Sarebbe lungo vedere ulteriormente il dogma della resurrezione dei morti (techiyat hametim), la teoria della trasmigrazione delle anime (gilgul neshamot)  nata in ambiente cabbalista. Si ha la sensazione che tutto sia maturato da contaminazioni con la mistica cristiana ed islamica ma che in fondo non ci appartenga.
Vi trascrivo due opinioni.
Rav Luciano Caro:
Un Ebreo il quale in buona fede sostenesse di non credere assolutamente alla sopravvivenza dell’anima e che con la vita terrena sia tutto finito, nonostante quanto dice Maimonide, è comunque perfettamente Ebreo. Nessuno può essere giudicato per quello che crede o non crede (in questo ambito). Maimonide ha scritto queste cose perché è stato costretto in qualche modo dalla situazione del tempo, ma questo non fa parte della dogmatica ebraica.

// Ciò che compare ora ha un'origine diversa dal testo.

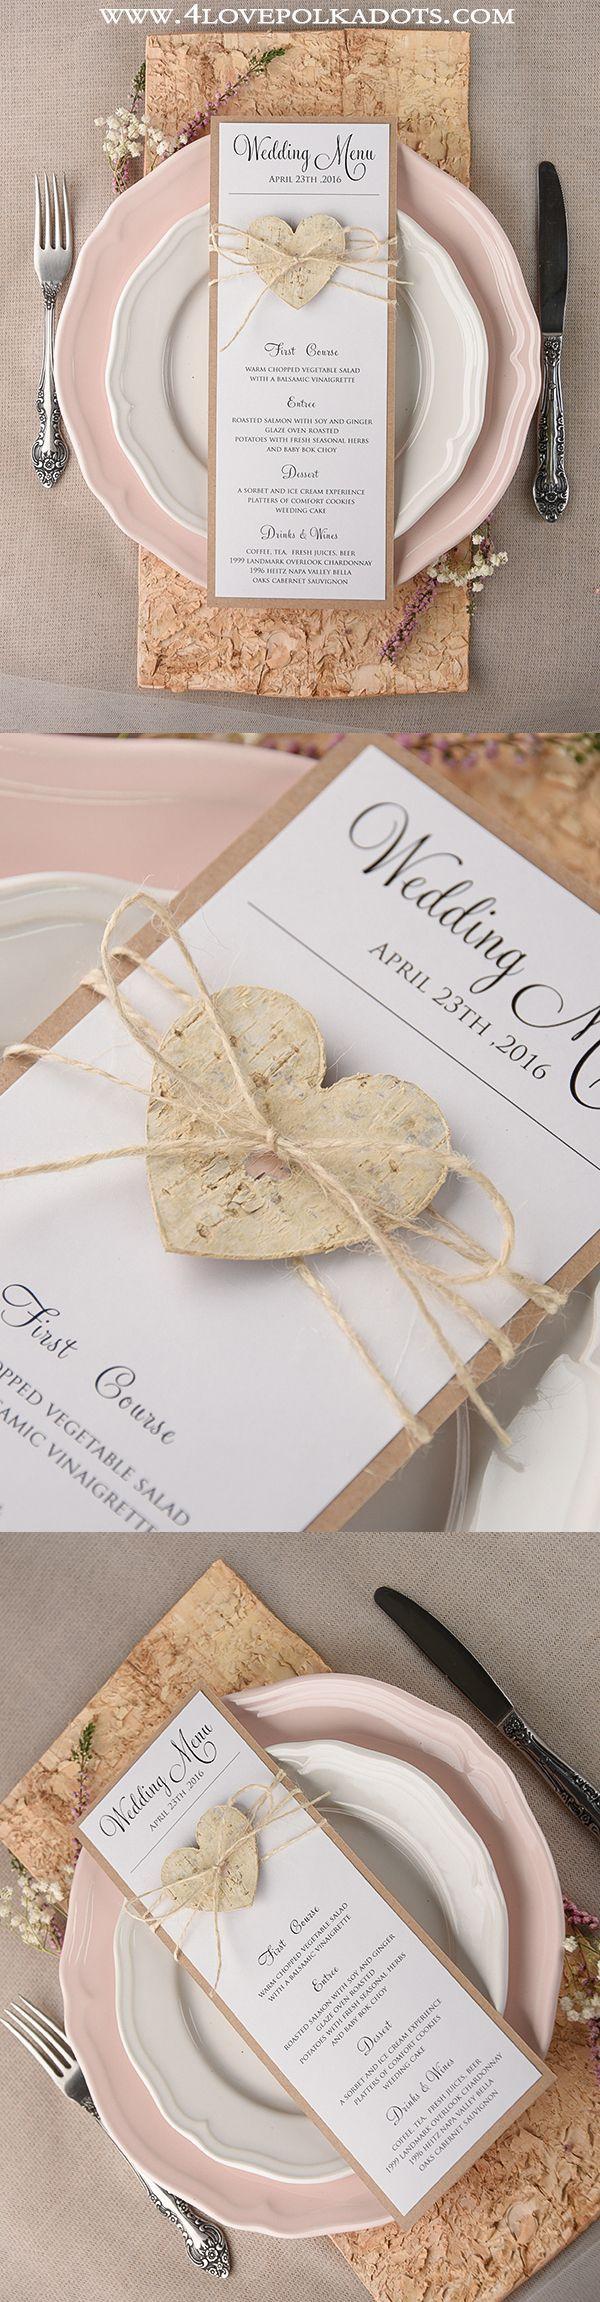 Rustic Wedding Menu #weddingideas #menucards

Il nostro Rav Scialom Bahbout intervenendo ad un Convegno (vi trascriveremo appena possibile il testo del discorso) ha esordito dicendo:
È molto difficile parlare della questione dell’anima, perché in realtà l’ebraismo non si occupa molto di argomenti “teologici” ma si occupa più di aspetti pratici e quindi, quando parliamo di queste cose parliamo sempre di aspetti che sono molto discutibili. Vi sono molte posizioni per quanto riguarda gli aspetti teologici mentre per quanto riguarda gli aspetti pratici c’è una sostanziale convergenza per cosa bisogna fare e cosa non bisogna fare; per quanto riguarda invece la riflessione sugli aspetti più teologici invece vi sono molte opinioni.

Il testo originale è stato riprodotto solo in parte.